The continued political problem in Somalia is in part a result of the internal social and political organisation and the presence of various external interests in the country. The latter have in fact made it difficult to find a lasting solution.

Professor Makau Mutua’s proposal is not terribly original. Others before him, among them academics and clerics, have in the past proposed dismemberment and even dissolution of countries as a remedy to what they deemed intractable political conflicts.

Some in Rwanda might remember Professor Ali Mazrui’s suggestion that divisions that had bedevilled Rwanda, leading finally to the genocide against the Tutsi, could only be ended by the country being swallowed by the bigger Tanzania.

He made the proposal during a public lecture at the then Kigali Institute of Science and Technology (KIST) now the College of Science and Technology of the University of Rwanda, a little over sixteen years ago.

His rather simplistic solution was like this: Rwanda is eaten up by a bigger neighbour; it ceases to exist, and so do its problems. Or, in that larger entity, Rwandans become insignificant and of necessity end their supposed quarrels.

Rwandans rounded on the famous political scientist. He looked bewildered at first. Had he spoken out of turn or broken some cultural taboo? In a sense he had. He had broached the unthinkable – the dissolution of their nation. He had not reckoned with two aspects of the Rwandan reality.

One, Rwanda is a nation-state whose people are proud of their history and culture and distinctiveness. Any assault on that and Rwandans were sure to react the way they did.
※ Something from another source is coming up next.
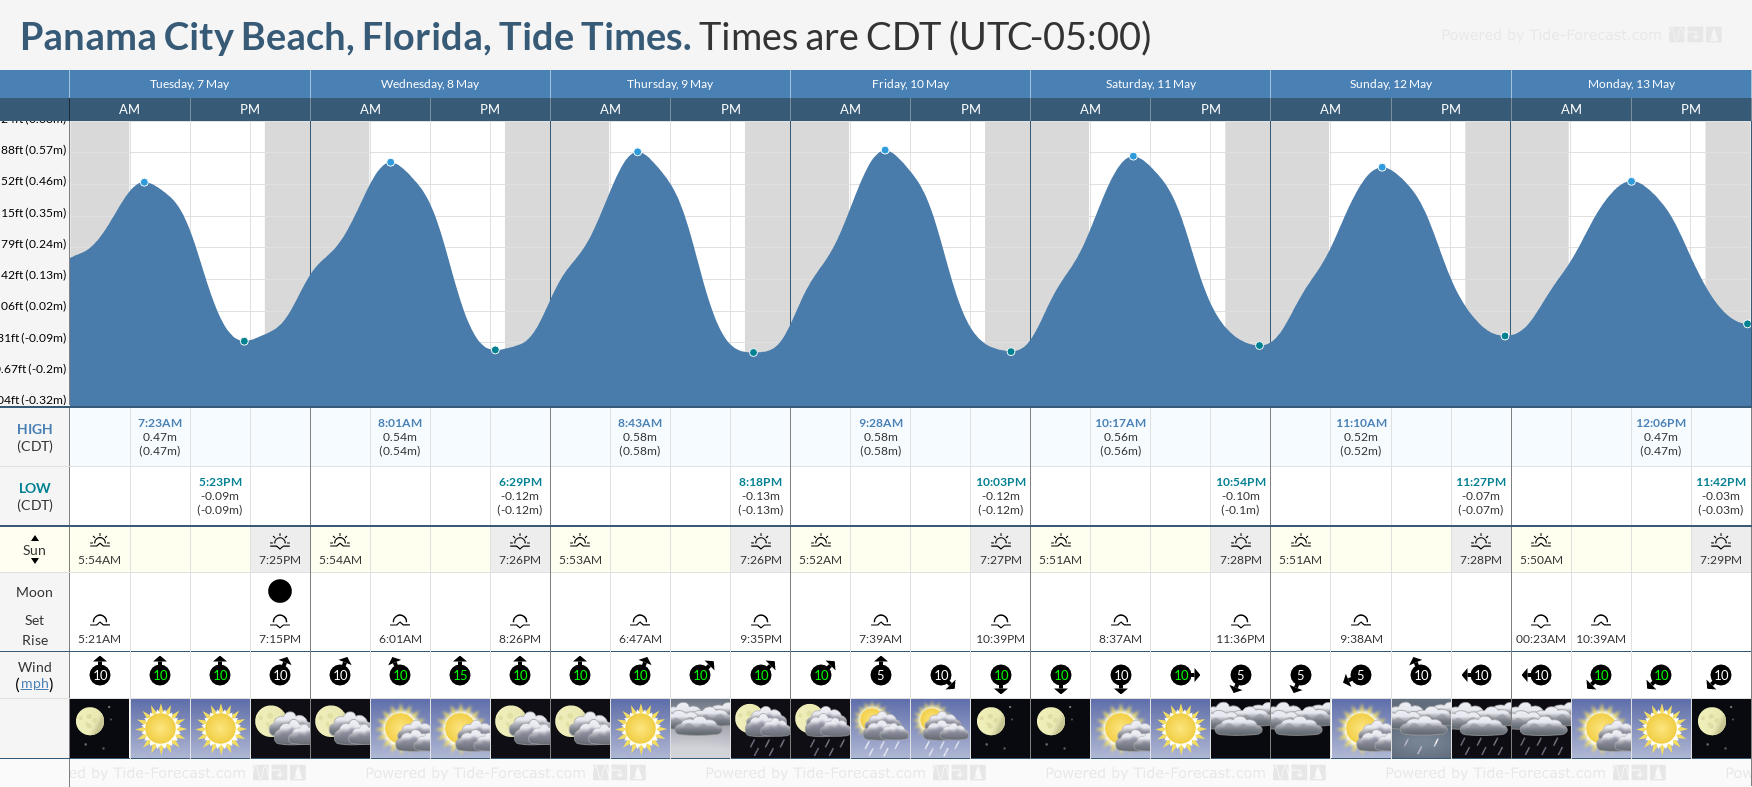 Panama City Beach, Florida Tide Chart including high and low tide tide times for the next 7 days

Second, remove the external element and Rwandans are perfectly capable of finding solutions to their own national problems.  Since Mazrui proposed his remedy all those years ago, Rwanda has experienced an unprecedented period of unity and development never seen before.

Earlier, Catholic clerics, chief among them, Mgr Andre Perraudin, had advanced the idea of ethnic division of the country similar to what obtained in his native Switzerland. He did not get his wish but died still holding on to that view.
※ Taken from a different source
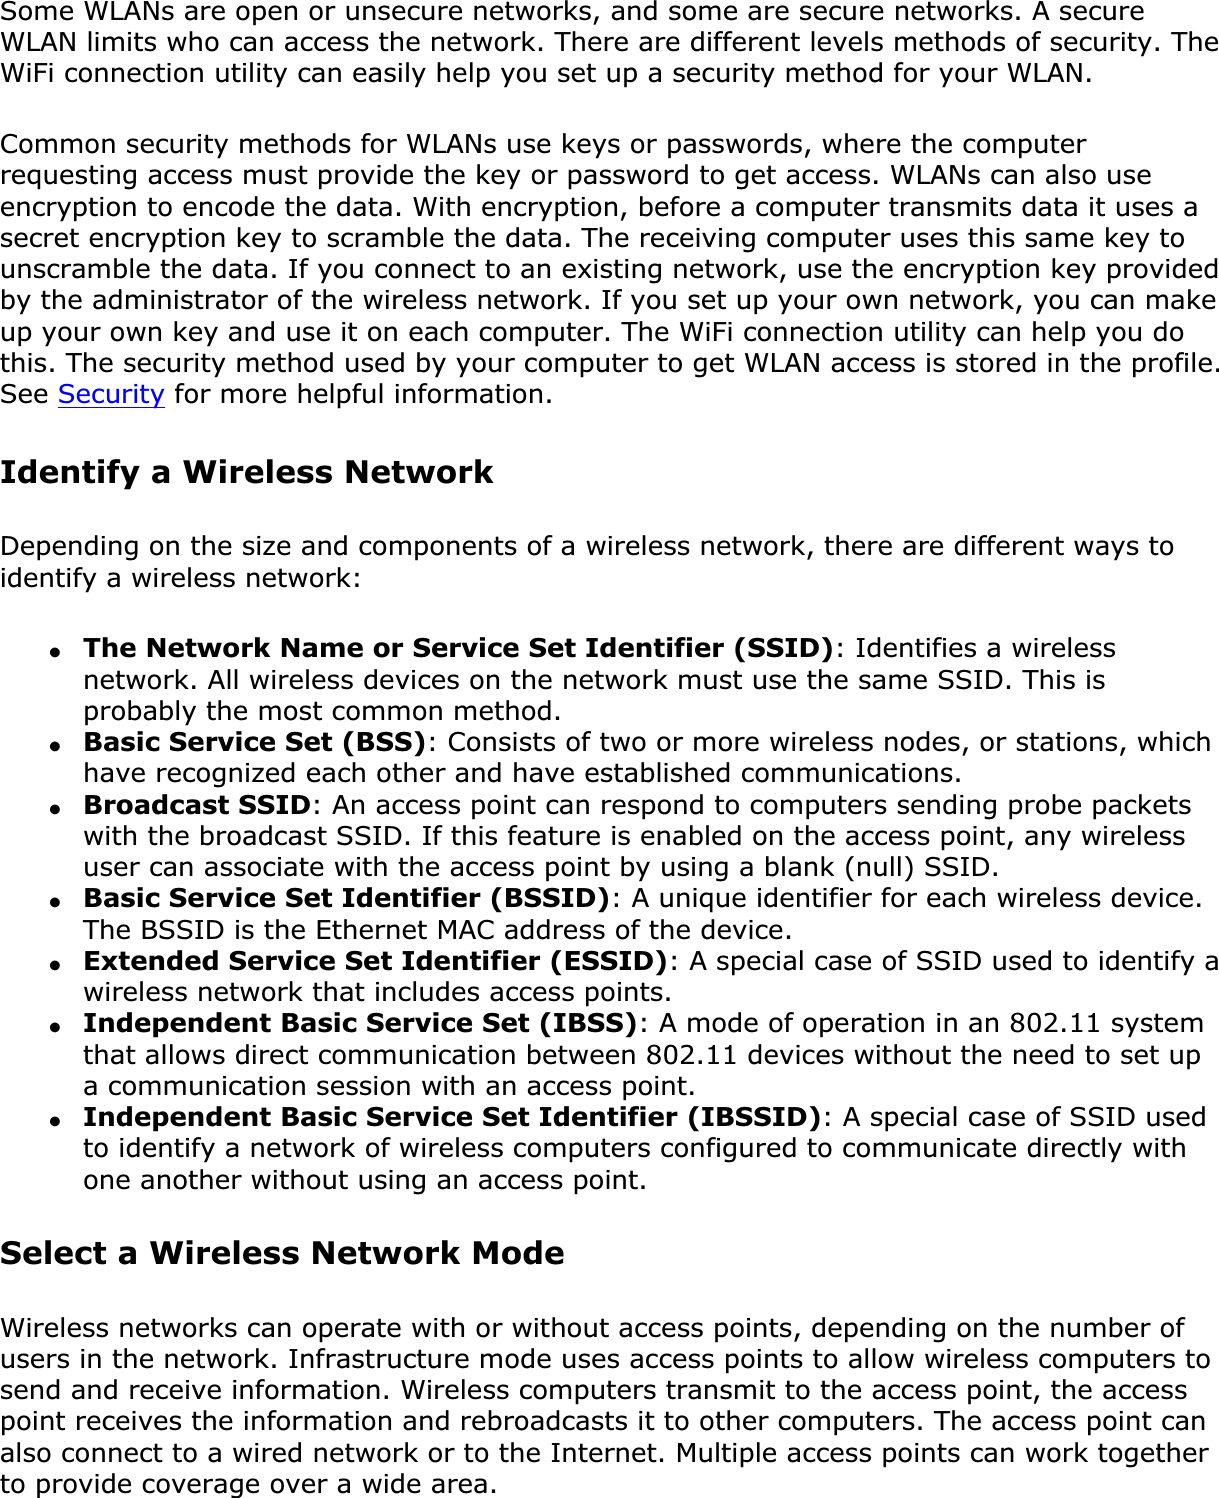 Some WLANs are open or unsecure networks, and some are secure networks. A secure WLAN limits who can access the network. There are different levels methods of security. The WiFi connection utility can easily help you set up a security method for your WLAN.Common security methods for WLANs use keys or passwords, where the computer requesting access must provide the key or password to get access. WLANs can also use encryption to encode the data. With encryption, before a computer transmits data it uses a secret encryption key to scramble the data. The receiving computer uses this same key to unscramble the data. If you connect to an existing network, use the encryption key provided by the administrator of the wireless network. If you set up your own network, you can make up your own key and use it on each computer. The WiFi connection utility can help you do this. The security method used by your computer to get WLAN access is stored in the profile. See Security for more helpful information.Identify a Wireless NetworkDepending on the size and components of a wireless network, there are different ways to identify a wireless network:●The Network Name or Service Set Identifier (SSID): Identifies a wireless network. All wireless devices on the network must use the same SSID. This is probably the most common method.●Basic Service Set (BSS): Consists of two or more wireless nodes, or stations, which have recognized each other and have established communications.●Broadcast SSID: An access point can respond to computers sending probe packets with the broadcast SSID. If this feature is enabled on the access point, any wireless user can associate with the access point by using a blank (null) SSID.●Basic Service Set Identifier (BSSID): A unique identifier for each wireless device. The BSSID is the Ethernet MAC address of the device.●Extended Service Set Identifier (ESSID): A special case of SSID used to identify a wireless network that includes access points.●Independent Basic Service Set (IBSS): A mode of operation in an 802.11 system that allows direct communication between 802.11 devices without the need to set up a communication session with an access point.●Independent Basic Service Set Identifier (IBSSID): A special case of SSID used to identify a network of wireless computers configured to communicate directly with one another without using an access point.Select a Wireless Network ModeWireless networks can operate with or without access points, depending on the number of users in the network. Infrastructure mode uses access points to allow wireless computers to send and receive information. Wireless computers transmit to the access point, the access point receives the information and rebroadcasts it to other computers. The access point can also connect to a wired network or to the Internet. Multiple access points can work together to provide coverage over a wide area.

Mgr Perraudin’s Belgian missionary colleagues had a similar view based on divisions in their own country.

These plans failed, but they hatched other, more sinister ones. Together with the Belgian colonial administration and a local political elite they had formed, they resorted to turning Rwanda into a country exclusively for one section of the population.

First, they implanted an ideology of division and separateness among Rwandans. Then they exiled another section, turned them into foreigners, or when generous, into second class citizens. Finally they sought to exterminate them altogether.

Makau Mutua’s proposal of dismemberment of Somalia and annexation of its parts by neighbouring states, Mazrui’s remedy of Rwanda disappearing into a much larger Tanzania, or Perraudin’s canton solution are simply unworkable. They ignore the history, social organisation and distinctive characteristics of those countries.

They are actually a recipe for wider and more intractable regional instability. In Makau’s case, it is really like trying to douse a local fire, only to ignite a regional conflagration.

The views expressed in this article are of the author.